Friday, December 14, 2018

Landlord's duty to update contact information - CC § 1962(c) interpreted by the court

In DLI Properties v. Hill, (Los Angeles App. Dep't Super. Ct., Sept. 17, 2018, No. BV 032016, 2018 WL 6192245) the court addressed the recently added sub-division (c) to Civil Code Section 1962, which provides that the landlord is barred from evicting a tenant for non-payment of rent during the period such landlord failed to inform the tenant about a change in the contact information.

This may apply in a rent-controlled jurisdiction, such as San Francisco, where the local municipal ordinance also contains requirements for the owners to inform about the changes.

First, about the statute and the DLI Properties case.

The statewide statute itself (link) requires a landlord to make certain disclosures and within 15 days from execution give the tenant a copy of the written lease [sub-d(a)(4)] or a statement summarizing the terms of the oral lease [sub-d(b)].  The subdivision (c) added in 2013 also imposes a running duty to keep the information current and update the tenant within 15 days of a change, such as in a succeeding owner or manager. Same subdivision contains a mysterious sentence saying, on one hand, that the landlord is barred from evicting a tenant for the period while the landlord is not in compliance, while, on another hand, confirming that the tenant is not relieved from the rent payment obligation during that period. Whether it means that recovery of such unpaid rent can be done by other means, or that recovery can be done after the landlord is back in compliance, is something remaining in want for a further interpretation. The DLI Properties decision is the step toward it.

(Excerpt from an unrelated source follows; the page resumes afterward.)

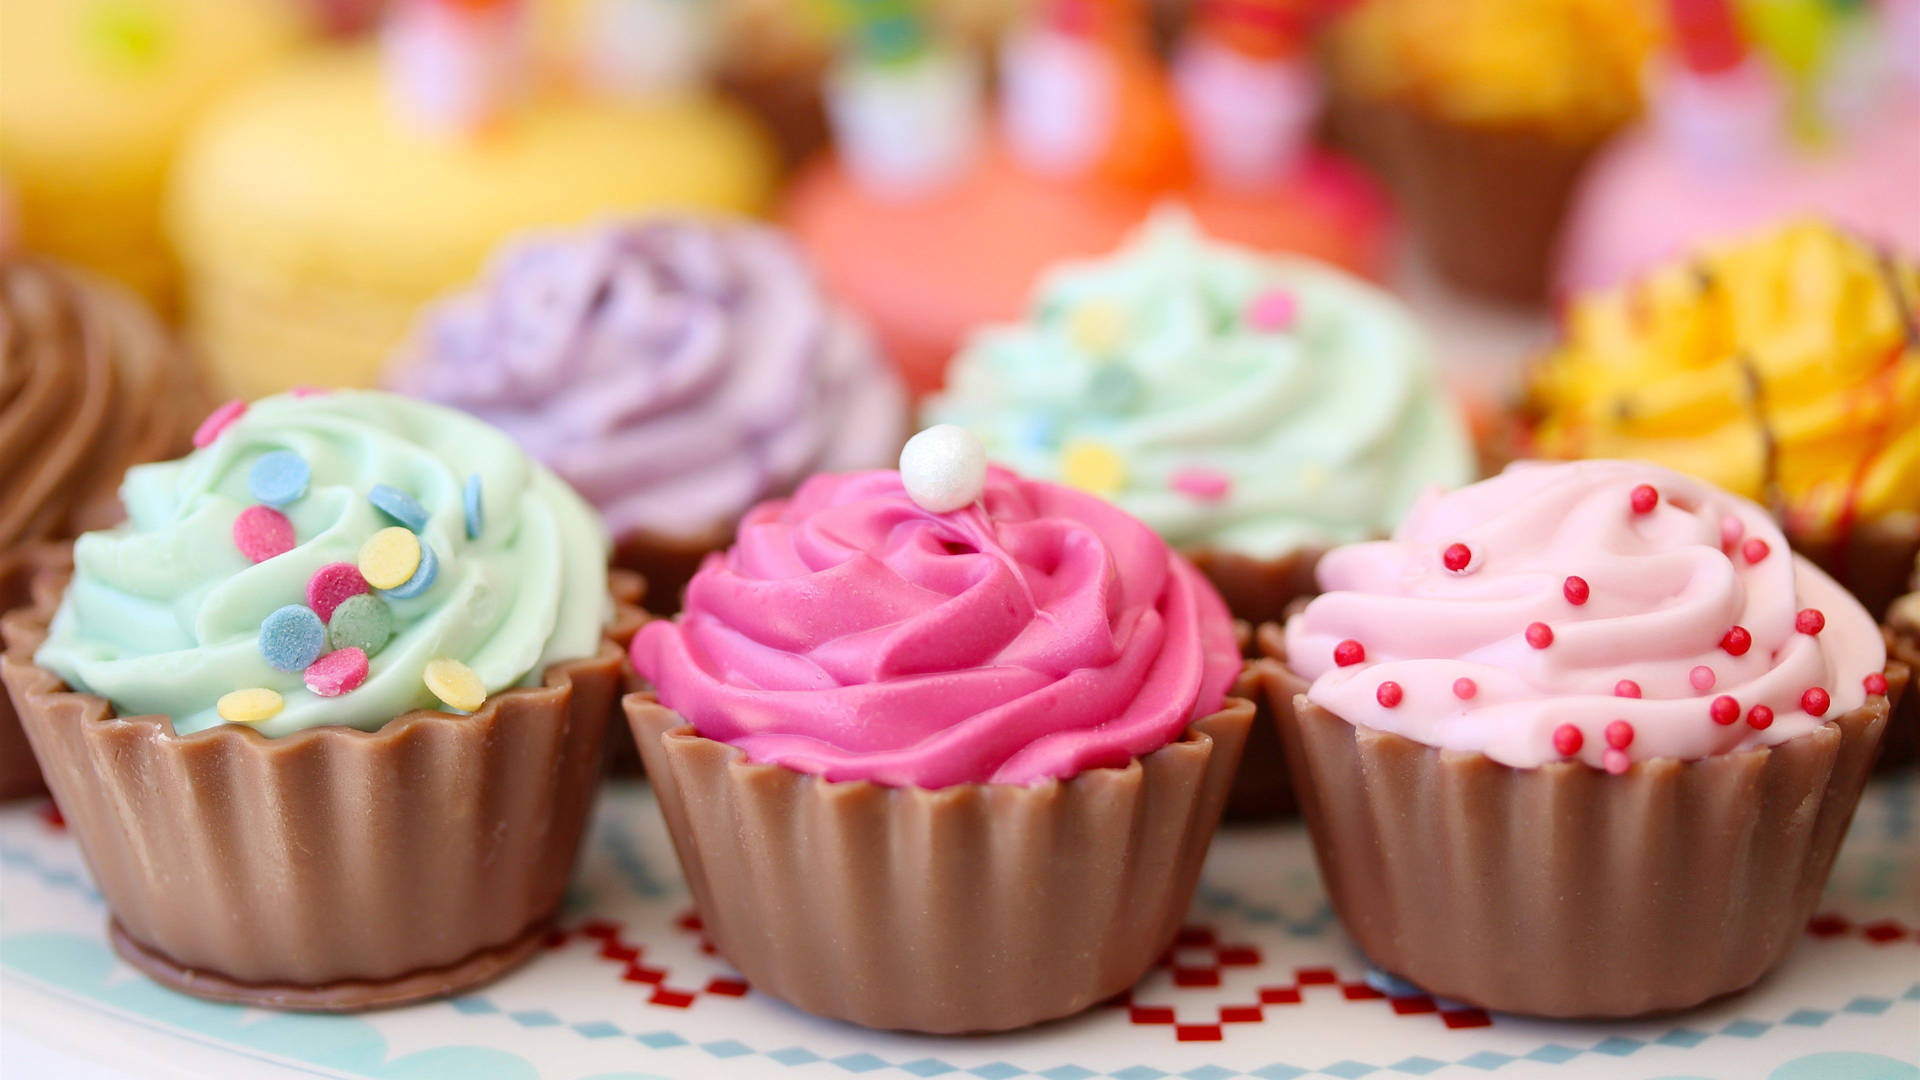 Colorful Cupcake Desserts Wallpaper

Although in this particular case, the court upheld judgment for the landlord, they did so based on the fact that the landlord was a new owner in its own right, not a subsequent owner stepping into a preexisting lease relationship. The win for this landlord was based on an unusual fact that a new lease was executed between the parties: «In this case, after plaintiff purchased the subject property, it did not assume the existing lease and its terms and conditions. Rather, it’s management company, Strategic, executed a new and separate lease with defendant.» Id.,  2018 WL 6192245, at *4.  If not for this twist, the landlord would have been barred from seeking eviction, because «The undisputed evidence presented at trial established plaintiff’s noncompliance with disclosure requirements.»

How it may play out in a rent-controlled municipality with its own provisions for disclosures.

In San Francisco, new owners are required to make disclosures to existing tenants within 30 days, (S.F. Admin. Code § 37.9(k)(2)) and, in the case of a sale, the selling owners are also required to do the same, although without a stated time limit (S.F. Admin. Code § 37.9(k)(1)).  Similarly, within 15 days following foreclosure, "the person or entity that takes title" must also disclose their identity and contact information (S.F. Admin. Code § 37.9D(e)(i)). This local ordinance also requires compliance with CC § 1962 (S.F. Admin. Code § 37.9D(e)(iii)).

Provided that the new owner (1) complies with the applicable Rules (comes to mind the language of Rule 12.20), (2) avoids a pitfall of timing with regard to the changed/new rules (see, Civ. Code § 827, and the nonpublished decision of Hayes v Kardosh, as amended), (3) identifies him-/her-/itself efficiently in the new lease, and (4) catches up on required disclosures, a new owner may still get the judgement under the reasoning of DLI Properties (I don't say here "under the holding," since the decision is not published), at least in the case of a foreclosed property, because Section 37.9D(e)(iii) implies that a purchaser of a foreclosed property may cure noncompliance before endeavoring to recover possession.

With regard to the missed disclosures in a regular sale, the following solutions seem to be viable, if there is an issue of unpaid rent: either to proceed with the notice and the consequent unlawful detainer for a lesser amount (excluding the rent accrued during the non-compliance period), or to take a route with a regular civil action for damages to recover that portion of unpaid rent, or do both.